Letter, 31 July 1924, added to the papers of South Carolina legislator and University of South Carolina trustee Cyrus Luther Shealy (1883-1968) was written on Ways and Means Committee letterhead and addressed to Olin D. Johnston (1896-1965), a fellow member of the South Carolina House of Representatives living in Anderson. The letter responded to Johnston’s questions “relative to the action of the University Board in discontinuing the services of Judge [Thomas H.] Spain, formerly of the Law Faculty.”
Shealy reminds Johnston that the Board had met in executive session and that it would therefore “be improper for any member...to recite the reasons prompting its action in matters of this kind.” “As you know,” the letter continues, “it is the exclusive right of the Board to elect professors and other employees and officials of the University, and it is, likewise, the right and duty of the Board to discontinue such services as it dee[m]s to be for the best interest of the University.”

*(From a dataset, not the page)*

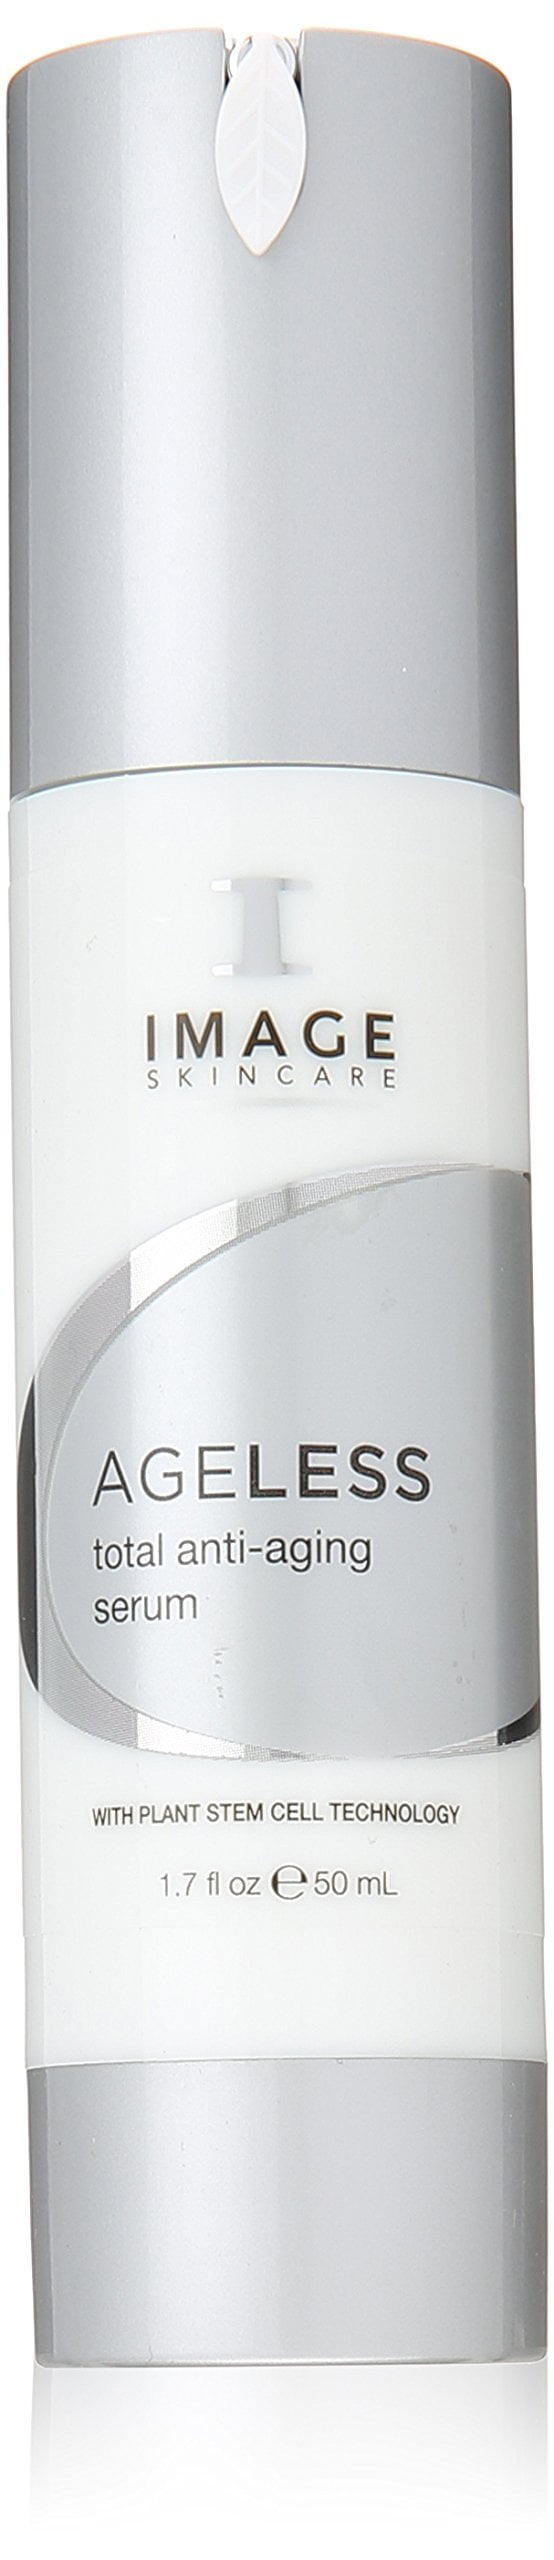 image ageless anti aging szérum)

Further stating that “there were no personal reasons for our action” and reminding Johnston that “Judge Spain failed for re-election as Circuit Judge at the hands of the General Assembly,” Shealy concluded—“we wish to keep the University out of politics; and I hope that the confidence you had in me in helping to elect me a member of the Board will prompt you to trust me to do the right thing as I can understand it.”